As detailed in the hardware section, there has been ongoing memory correction warnings for something like an entire year now.

In December, I had finally got around to locating the issue and it seemed to concern the same DIMM, whose location had to be deduced from various tools. Afterwards however, I was sure of it, but needed to delay because due to heavy workloads.

Finally mid February, the processing workload came down a little, so a re-start was forced on the users.


The memory swap was smooth but the marvin node seemed to hang on a file system check.

Key learnings

  • Absolutely keep non-system filesystems commented-out in /etc/fstab
  • when wanting to mount or un-mount, de-comment these lines again. Yes, this is a very manual method, but this is critical issue.
  • bring nodes down before taking down marvin.
  • the appending of int=/bin/bash or emergency to the kernel boot up options does not work. The system instead hangs (apparently) on dracut. This actually is very poor. An emergency mode should need as little as possible to work.
  • the virtual media functions on marvin's IPMI is not useable, it fails to upload the images correctly both via web interface and IPMI View.
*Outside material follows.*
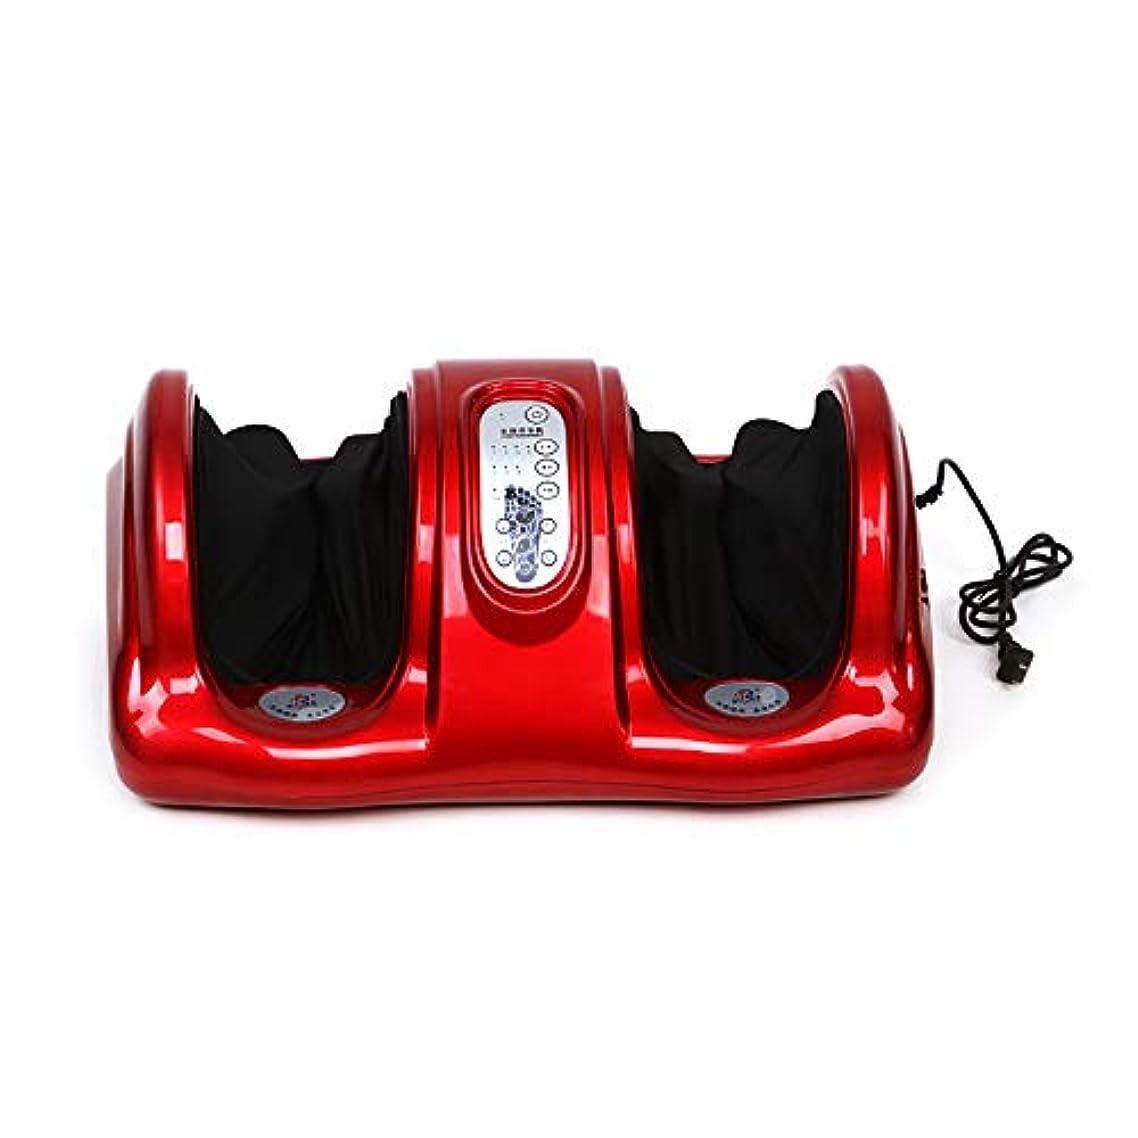 メガロポリスアルファベット順鈍いフットマッサージャー2つのモードの合計7つの速度調整可能な足の足のマッサージャー家族健康ギフト

Aggravatingly, they appear to load ... but never complete.

Critical issues

The chief critical issue seems to be that of the de-activation of storage LVM, and the inability of the Red Hat boot-up procedure to deal with it.

The boot-up procedure hangs, not at the beginning, but quite close to the end of the procedure, semmingly not know what to do with a deactivated LVM.

Why does the storage LVM de-activate and not the others? This issue is still not clear.

The upshot is that the /storage system should never be set for mounting on boot but rather should be mounted manually afterwards. This requires off-on-off commenting in the /etc/fstab file.